The above results and analyses manifest that the interlayer-sensitizing system is advantageous to optimize some blue MR-TADF emitters compared with the co-phase sensitizing system using a single wide-energy-gap host. Then, the universality of this strategy is examined by introducing it to other blue MR-TADF emitters of v-DABNA and t-DABNA41,42, and above three TADF materials are still employed as sensitizers. The molecular structures of v-DABNA and t-DABNA are displayed in Fig. 2a, and the absorption spectra of v-DABNA and t-DABNA can well-overlapped with the emission spectra of these three TADF sensitizers (Fig. S1).

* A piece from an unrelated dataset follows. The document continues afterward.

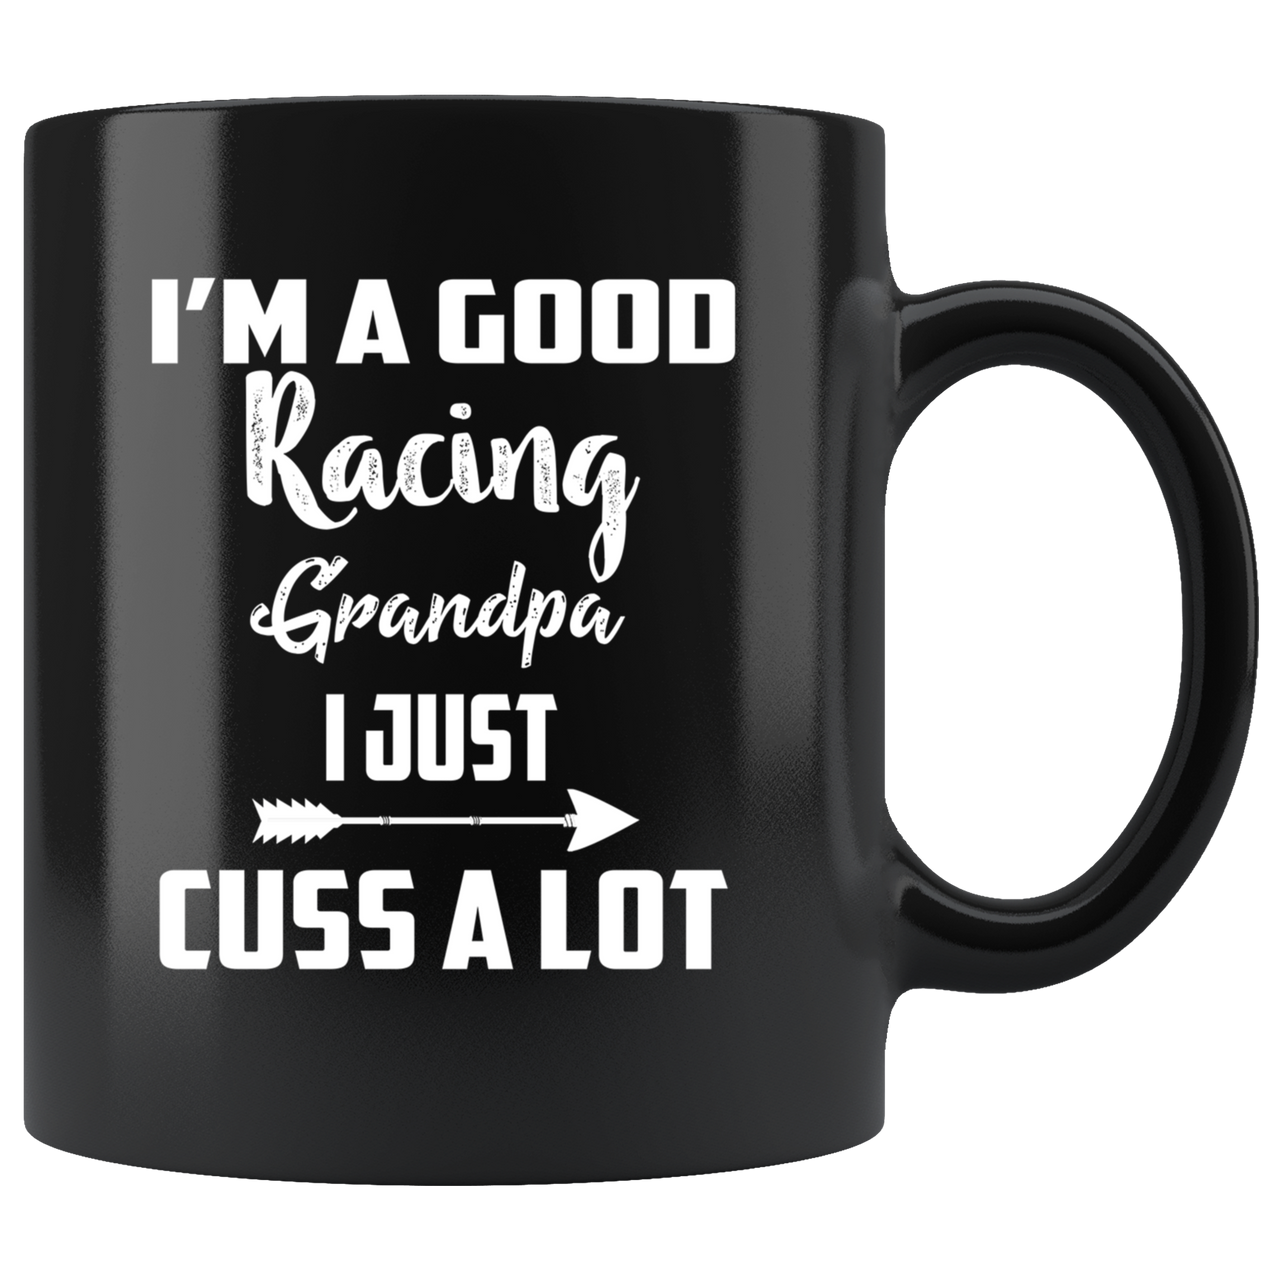 I'm A Good Racing Grandpa I Just Cuss A Lot Mug!

The interlayer-sensitized hyperfluorescence devices (IS4‒IS6) using v-DABNA as emitter is ITO/HATCN (5 nm)/TAPC (50 nm)/TCTA (5 nm)/mCBP (5 nm)/1 wt% v-DABNA: mCBP (10 nm)/sensitizing layer (2 nm)/PPF (5 nm)/TmPyPB (40 nm)/LiF (1 nm)/Al (120 nm). The sensitizing layers are constructed as 20 wt% TBCz-XT: PPF, 20 wt% DMAC-DPS: PPF, and 10 wt% PPCzTrz: PPF for devices IS4, IS5 and IS6, respectively. As shown in Fig. 6a‒c and Table 1, devices IS4, IS5, and IS6 all demonstrate impressive EL performances with low turn-on voltages of 3.2 V and peak EQEs of 24.0%, 29.6% and 28.6%, respectively, higher than that of the unsensitized device of v-DABNA (19.0%). The EQEs still remain 20.3%, 25.1%, and 18.6% at 100 cd m‒2 luminance, and 13.0%, 18.0%, and 11.8% at 1000 cd m‒2 luminance, indicating the improvement of efficiency stability. The EL spectra at 5 V of devices IS4, IS5, and IS6 show peaks at 470 nm and small FWHMs of 18‒19 nm, indicative of excellent color purity.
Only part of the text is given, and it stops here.